Note: RHEV 3.2 installs tuned automatically in all RHEV hosts and configures virtual-host as the active tuned profile.

  • By increasing sched_migration_cost, it results in a change in the kernel Scheduler behavior, so it will be waiting longer to migrate processes from CPUs that are overloaded to idle CPUs, which results in fewer migrations (context switch). This is especially important if the process that is running on the overloaded CPU is just about to yield anyway.

  • On the other hand, increasing sched_migration_cost can result in waiting too long to migrate processes from CPUs that are overloaded to idle CPUs. This means only a fraction of the CPUs will be running user processes and those CPUs will have load averages greater than 1 while other CPUs are idle.

  • Additionally, a private Red Hat Bugzilla 825222 is tracking a request to have the default sched_migration_cost tunable increased. Discussion is still ongoing for this request so for additional information, please contact Red Hat Support.

Root Cause

  • The following back trace for the qemu-kvm process can be found in the vmcore:
 #6 [ffff8895221cdb68] _spin_lock at ffffffff814ef33e
 #7 [ffff8895221cdb70] double_lock_balance at ffffffff81053b9a
 #8 [ffff8895221cdb90] thread_return at ffffffff814ecdff
 #9 [ffff8895221cdc50] kvm_vcpu_block at ffffffffa0337dd5 [kvm]
#10 [ffff8895221cdcb0] kvm_arch_vcpu_ioctl_run at ffffffffa034ba0c [kvm]
#11 [ffff8895221cddb0] kvm_vcpu_ioctl at ffffffffa0335322 [kvm]
#12 [ffff8895221cde60] vfs_ioctl at ffffffff81189342
#13 [ffff8895221cdea0] do_vfs_ioctl at ffffffff8118980a
#14 [ffff8895221cdf30] sys_ioctl at ffffffff81189a61
#15 [ffff8895221cdf80] system_call_fastpath at ffffffff8100b0f2
    RIP: 00007fbe2b1fda47  RSP: 00007fbe24ac9a88  RFLAGS: 00000246
    RAX: 0000000000000010  RBX: ffffffff8100b0f2  RCX: ffffffffffffffff
    RDX: 0000000000000000  RSI: 000000000000ae80  RDI: 0000000000000012
    RBP: 00007fbe2d75f000   R8: 0000000000000000   R9: 0000000000000001
    R10: 0000000000000002  R11: 0000000000000246  R12: 00007fbe2e317420
    R13: 00007fbe2e316fe0  R14: 0000000000000000  R15: 00007fbe2e3835c0
    ORIG_RAX: 0000000000000010  CS: 0033  SS: 002b
  • When PLE (Pause Loop Exit) code in kvm detects that a guest is encountering spinlock contention, it would relinquish the control to the host which would suspend that guest. Then it would try to run the guest which owns the spinlock under contention. This would cause a schedule storm on the host as the number of guests and processes running in each guest would increase. When the scheduler is called and a CPU is going idle, it would call the load balancer which would find the busiest CPU and would try to pull work from that CPU onto the idle CPU. This is where double_lock_balance() would come into play. It has the runq spinlock for the CPU that is going idle but not the runq spinlock of the busiest CPU therefore it would need to drop the lock & get both in the correct order to prevent a deadlock, thereby causing the contention. This would get exponentially worse as the number of NUMA nodes increases.

Diagnostic Steps

Load average is high
perf top shows much of the time is being taken in _spinlock.

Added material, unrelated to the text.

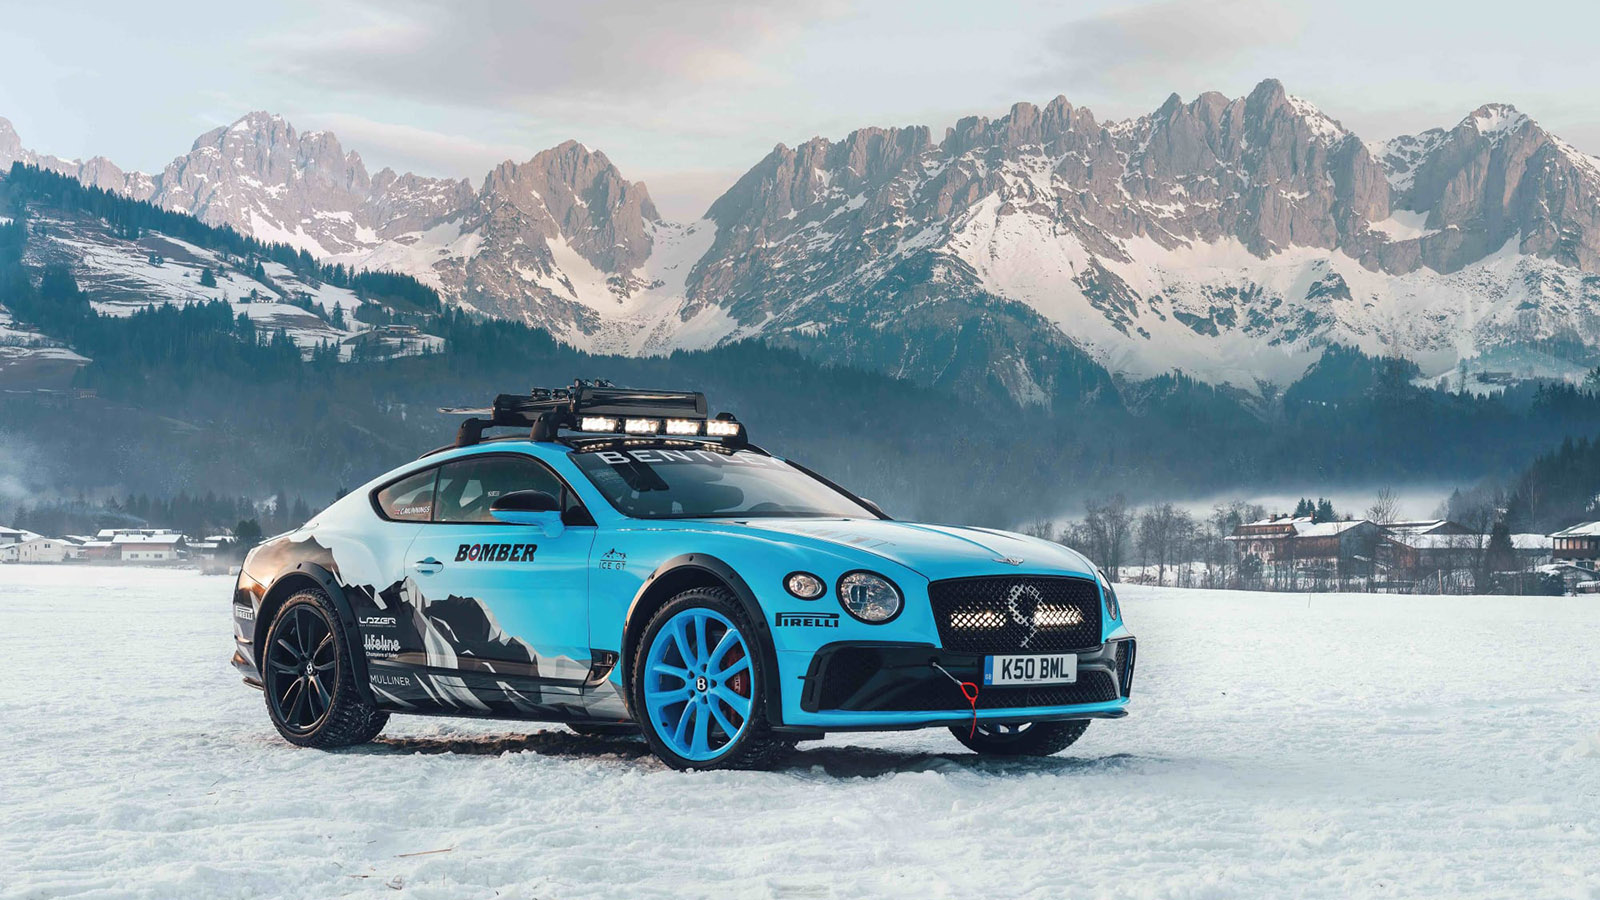 2020-Bentley-Continental-GT-Ice-Race

Note that you may need to install perf to run perf top.

This solution is part of Red Hat’s fast-track publication program, providing a huge library of solutions that Red Hat engineers have created while supporting our customers. To give you the knowledge you need the instant it becomes available, these articles may be presented in a raw and unedited form.

1 Comments

In my case this incorrect kernel parameter was a result of the tuned service failing on reboot. The following fixed the kernel.sched_migration_cost parameter and immediately resolved VM performance issues:

systemctl restart tuned

This is on RHEV 3.6 with RHEL7.2 hosts.